Fall: $W = 0.000015241L^{2.94}\!\,$

where weight is in grams and length is total length measured in millimeters. For example, these relationships predict that a 600-mm red drum (just under 2 ft long) would weigh about 2300 g (just over 5 lb). These relationships can be used more specifically to determine how healthy a sample of red drum is by comparing their actual weights to weights predicted by these relationships for the same length.

==Consumption==

Red drum have a moderate flavor and are not oily. Big drum can be tricky to clean; removing the large scales can be challenging. Many fishers prefer to fillet with an electric knife, first removing the fillet from along the backbone, and then using the electric knife to cut the fillet from the skin and scales. Fish over 15 lb can become tough and have a consistency comparable with chicken, rather than the flaky texture of many species of fish. Younger fish are often indistinguishable in flavor from black drum.

==Commercial and recreational use==
From 1980 through 1988, commercial fishermen took an average of 28% of the redfish, while sport fishermen harvested 72%. Catch limits and size restrictions have increased the average weight of redfish caught in Louisiana coastal waters. Restrictions on both sport and commercial fishermen allowed the species to rebuild. States actively vary the recreational catch limits and minimum and maximum lengths to help maintain sustainable red drum populations.
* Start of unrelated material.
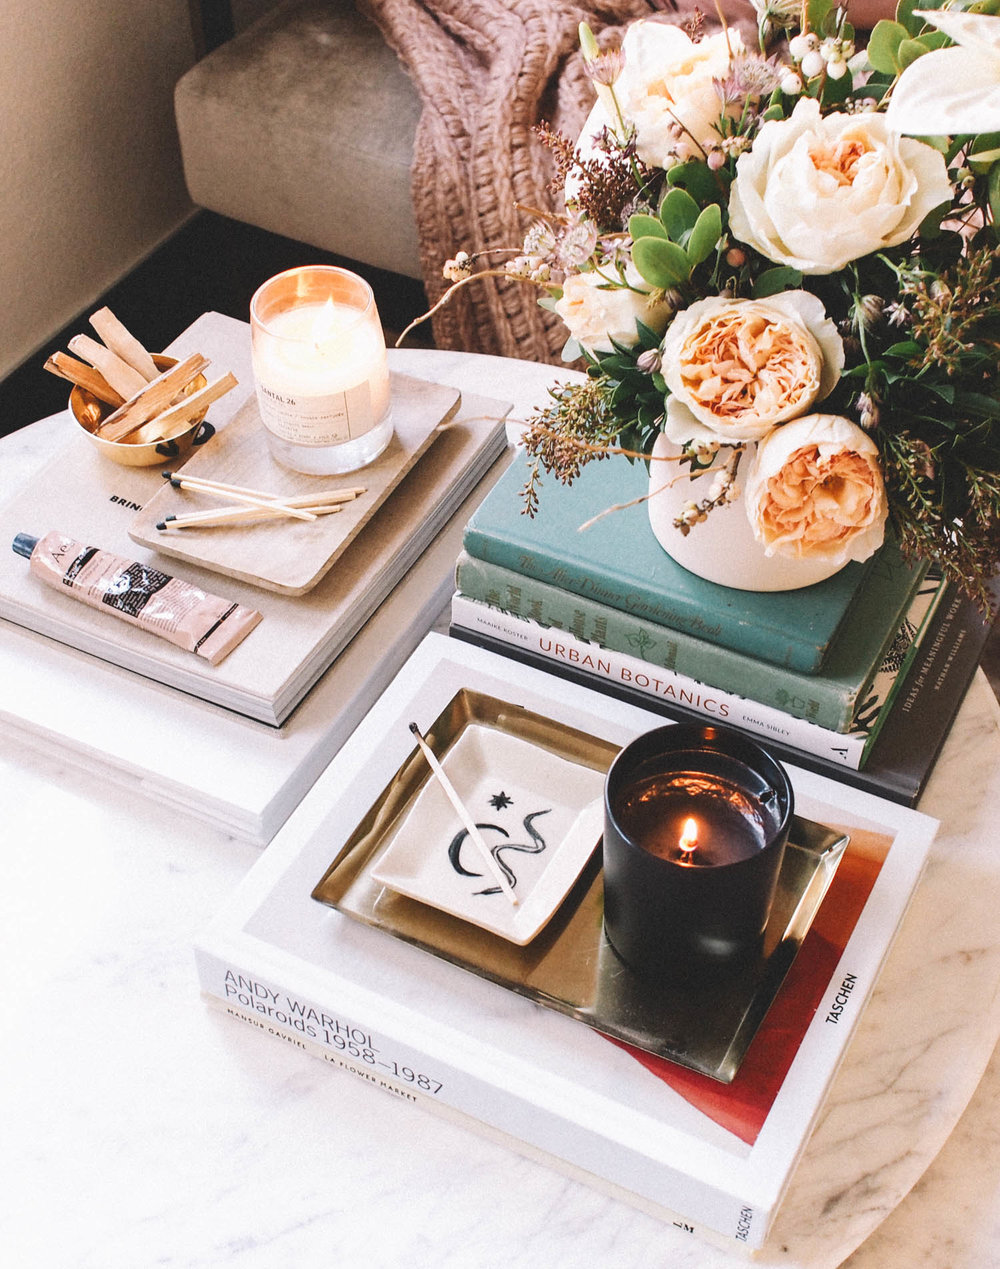 Còn gì lãng mạn hơn khi trên chiếc bàn nước của bạn, ngoài lọ hoa tươi xinh đẹp còn được trang trí thêm những lọ nến thơm và vài cuốn sách thú vị?
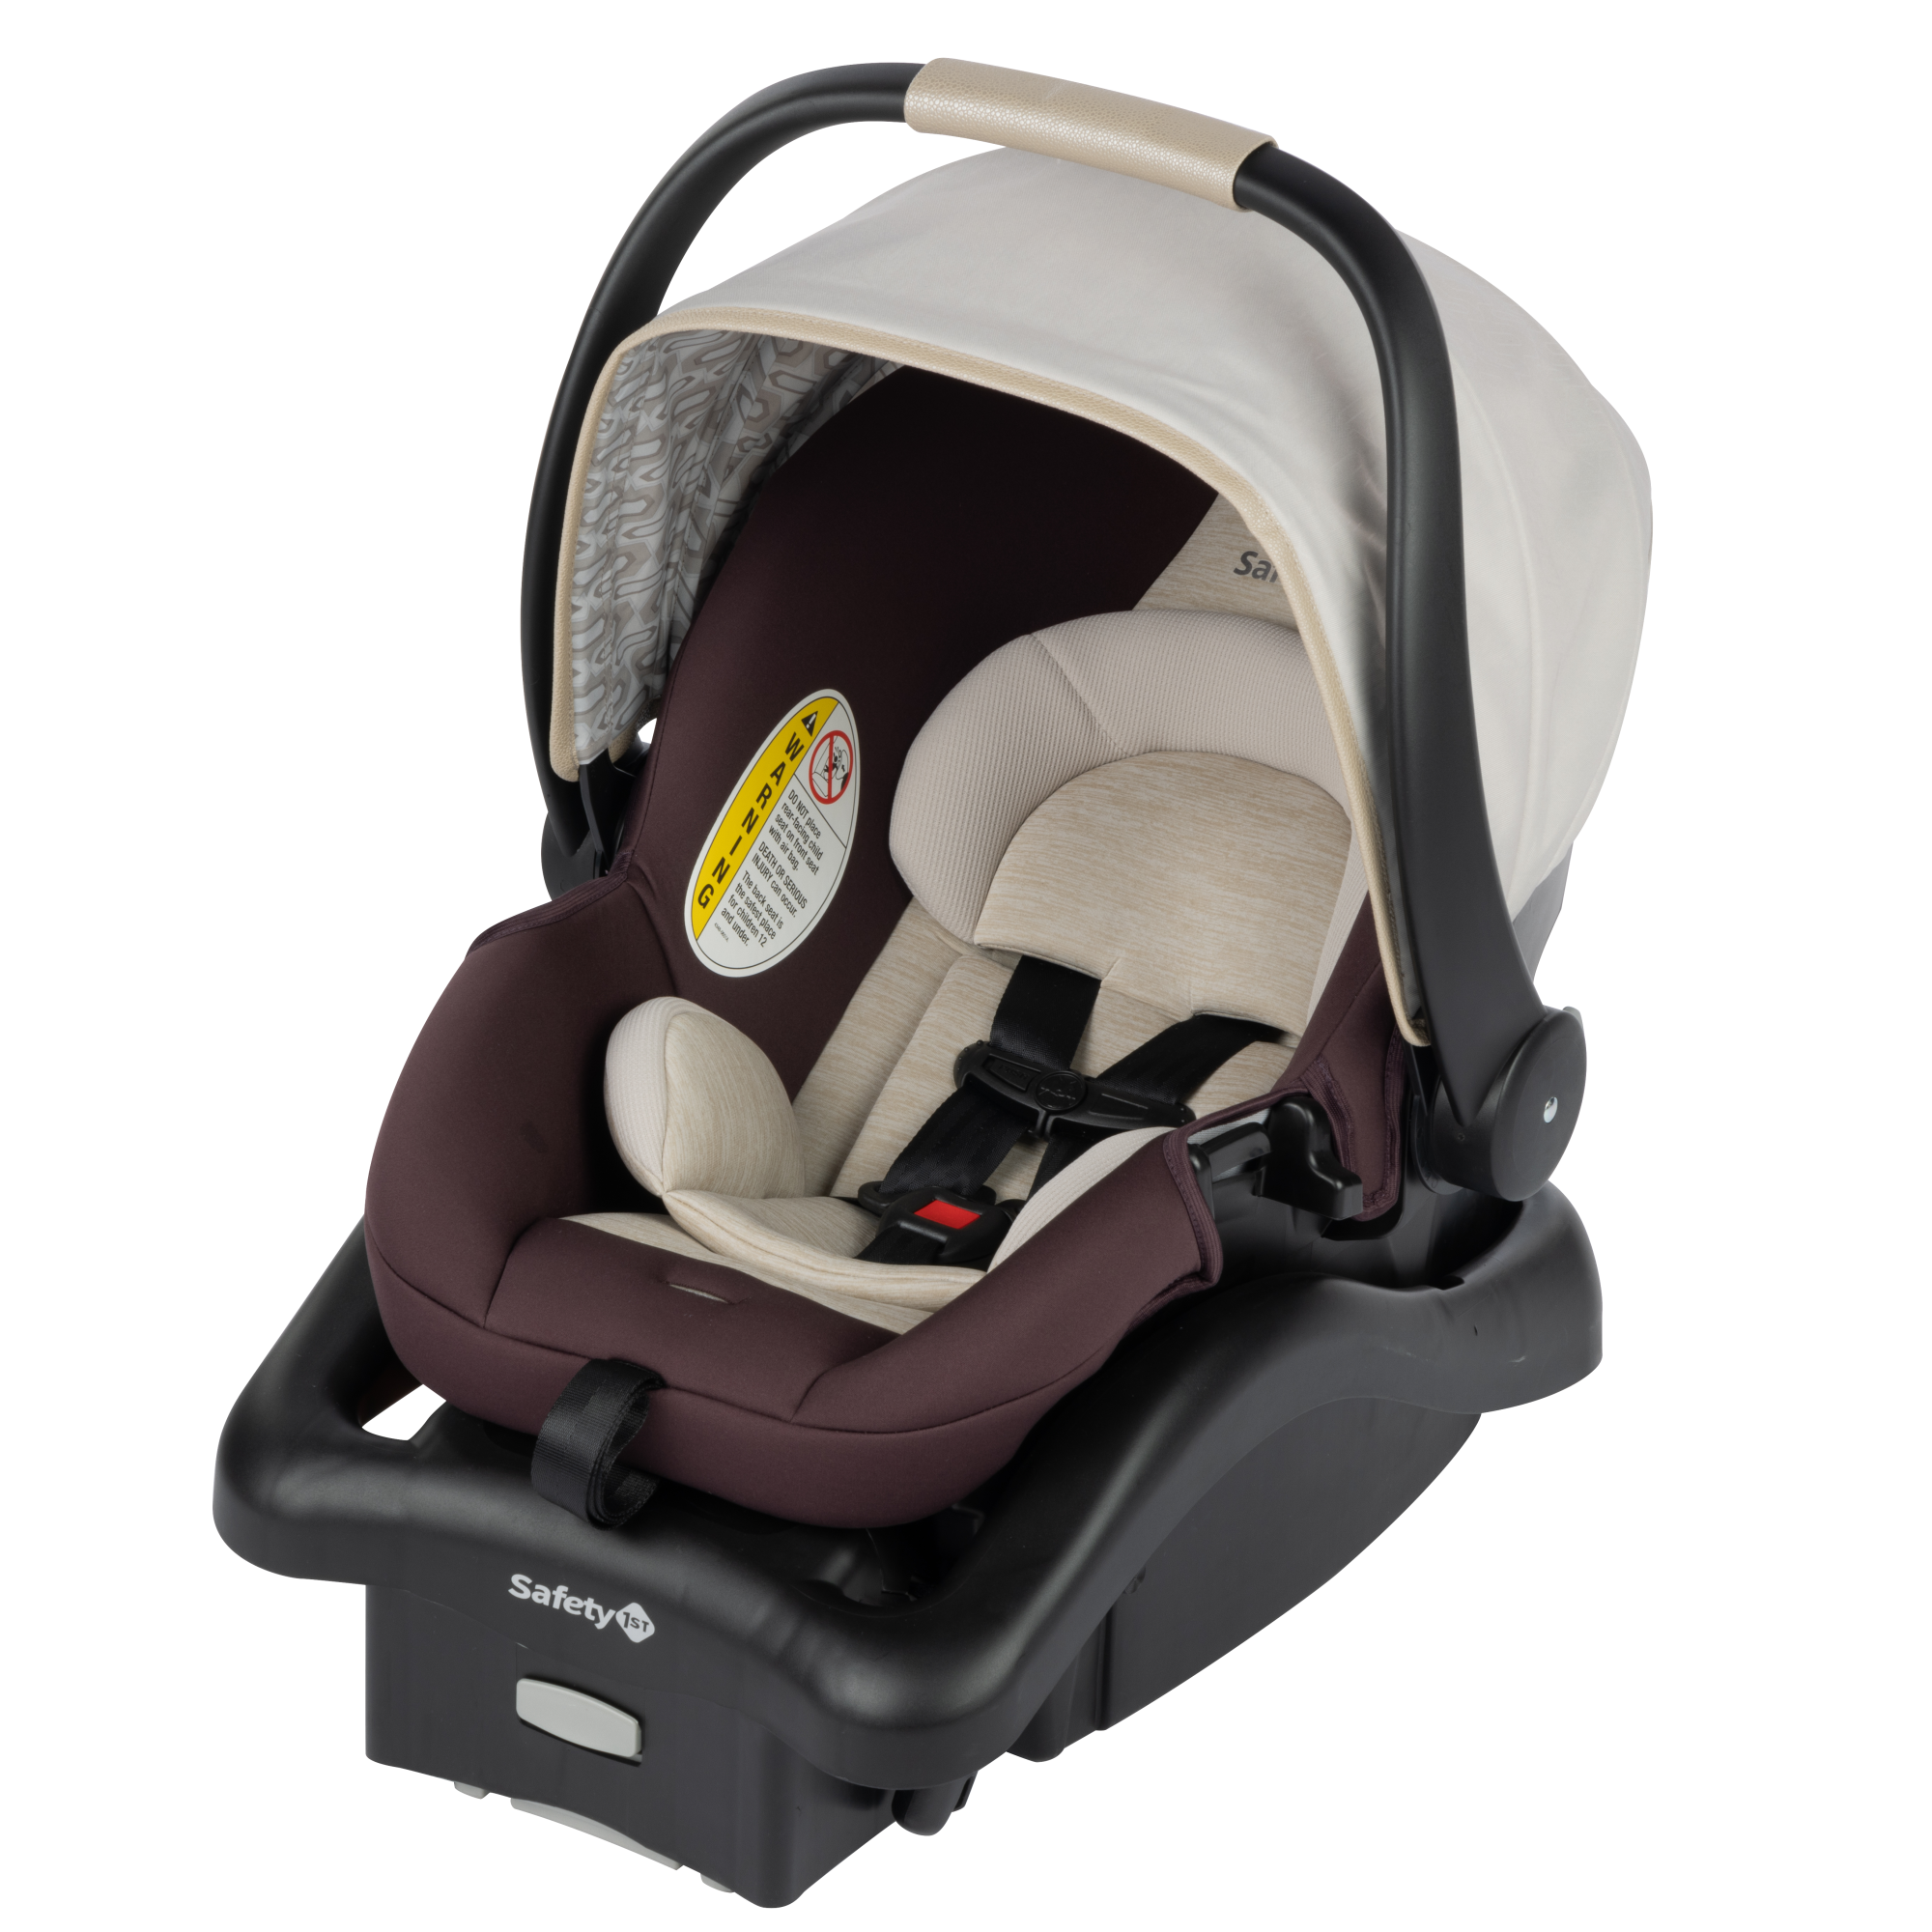 onBoard™35 SecureTech™ Infant Car Seat - Dunes Edge

Executive Order 13449 of October 20, 2007, issued by U.S. President George W. Bush, designated the red drum as a protected game fish. The order prohibits sale of red drum caught in federal waters and encourages states to consider designating red drum as a protected game fish within state waters.
While they may no longer be commercially harvested in U.S. federal waters or in most state waters, they are readily caught and still enjoyed as table fare by many. In addition, farm-raised redfish are still available as a commercial product Commercial netting disappeared after coastal states such as Florida declared red drum prohibited for sale. Recreational size and bag limits have been highly effective, allowing daily limits to be increased in recent years.

==Relationship to humans==
The North Carolina General Assembly of 1971 designated the red drum the official state saltwater fish. (Session Laws, 1961, c. 274; G.S. 145–6). The Texas Legislature designated the red drum as the official "State Saltwater Fish of Texas" in 2011.